Other drugs that work in a similar way include:
- Azathioprine (Azasan, Imuran)
- methotrexate (Rheomatrex, Trexall)
- mycophenolate mofetil (CellCept)
One downside to these treatments is that they can cause serious side effects, including:
- Kidney or liver damage
- high blood pressure
- shaking (tremor)
- Electrolyte imbalances
Newer approaches to treating moderate to severe Alzheimer’s
In 2017, the Food and Drug Administration approved the first biologic drug for Alzheimer’s disease, called dupilumab (Dupixent). It treats moderate to severe Alzheimer’s disease in adults and children 6 years of age and older.
Dupixent comes as an injection under the skin once every two weeks. It works by blocking two types of proteins that cause inflammation in Alzheimer’s disease: interleukin-4 (IL-4) and interleukin-13 (IL-13).
“If you think the skin is burning, take a medication such as methotrexate or prednisone [a steroid] Acts like a fire blanket. It puts out a fire, says Strode, whereas a drug like Dupixent is like using a fire extinguisher and shooting at the source of a fire. It’s a more specific goal.”
In studies, Dupixent cleared the skin, relieved itching, and improved quality of life in people with Alzheimer’s disease. More than half of those who took it for 16 weeks said they had 75% fewer symptoms. These improvements will continue in the long term.
Strowd calls Dupixent a “real game-changer.” “It has been very successful in bringing about rapid improvement, both in the skin disease and in the itching,” she says. (Strowd participated in clinical trials for Dupixent.)
Dupixent is also safe. The most common side effects are mild, including:
- Skin reactions where you got the shot
- Cold sores on the mouth or lips
- Eye and eyelid redness, swelling and itching
- pink eye
One downside to Dupixent is its cost, which runs over $3,200 per shot. How much you actually pay depends on what type of health insurance you have. Your insurance company may want you to try less expensive medications first before they cover the cost of Dupixent, Hanifin says.
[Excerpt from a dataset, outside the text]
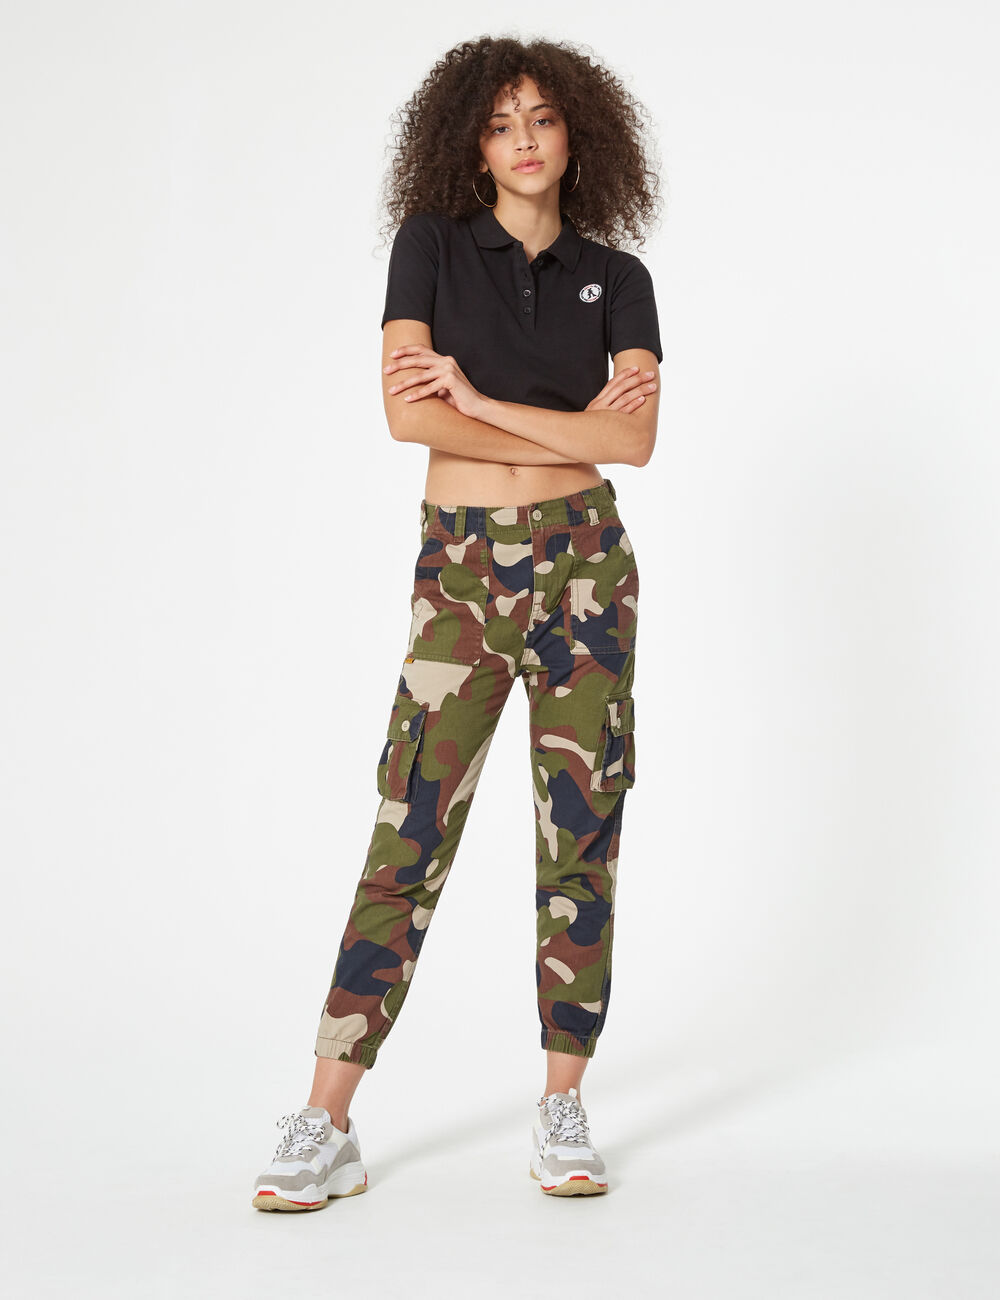 Pantalon Pantalon Camouflage Camouflage Kaki Cargo Kaki Pantalon Cargo Camouflage Cargo Cargo Pantalon Kaki Camouflage vmN8w0nO
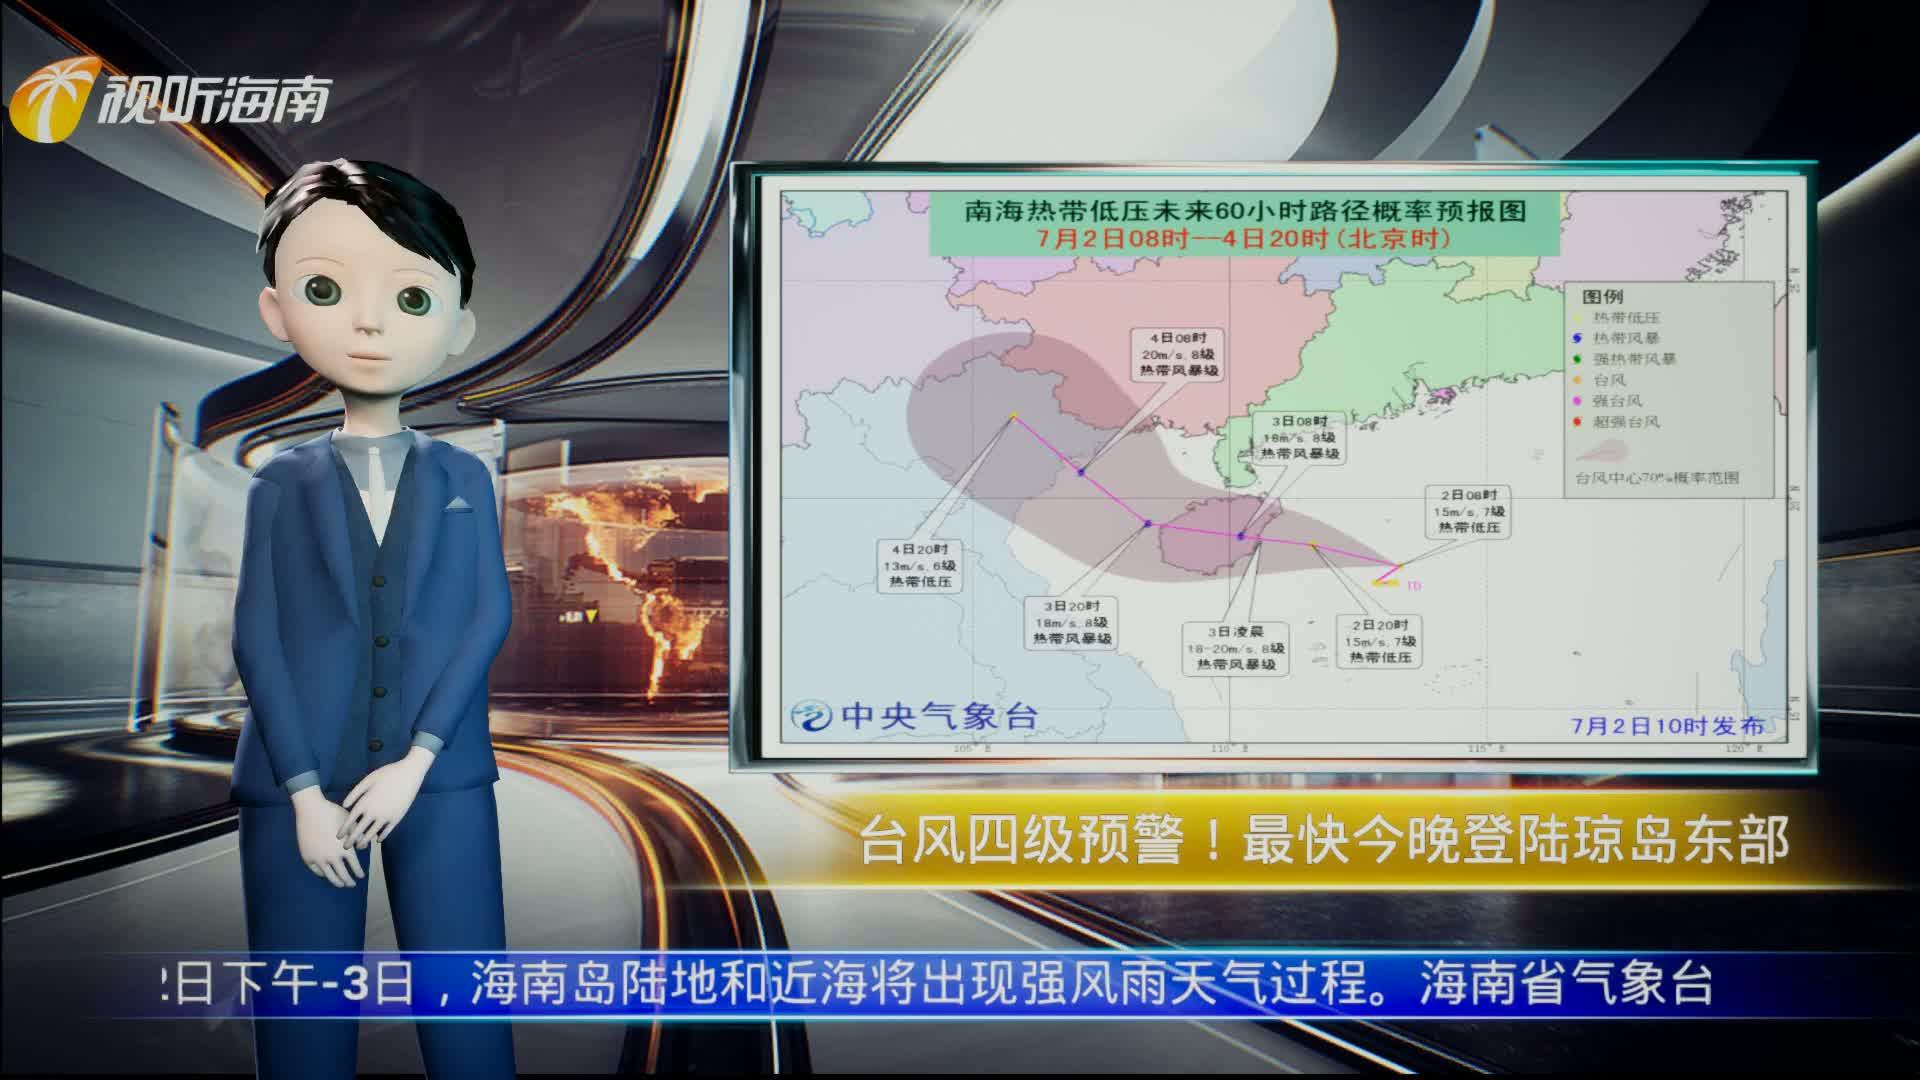 AI主播首秀:臺風預計3日凌晨在海南東部沿海地區登陸

Another biologic, tralokinumab-ldrm (Adbry), was approved by the US Food and Drug Administration in December 2021 for adults ages 17 and older. It is also an interleukin inhibitor that inhibits IL-13. You take it every two weeks. Side effects are similar to those of Dupixent. The cost is also similar, so you will need to check your insurance coverage to see if it covers you.
Some JAK inhibitors can be taken as tablets, which can be a plus if you don’t like needles. They include the drugs aprocitinib (Sibenko) and obadacitinib (Rinfuq).
Life changing treatments
Newer therapies such as Dupixent have improved the outlook for people with Alzheimer’s disease. They have made it possible for many people with this condition to have clear or nearly clear skin.
“It completely changes people’s lives when they were suffering,” says Strode. “It is a very useful part of treating this disease in our modern era.”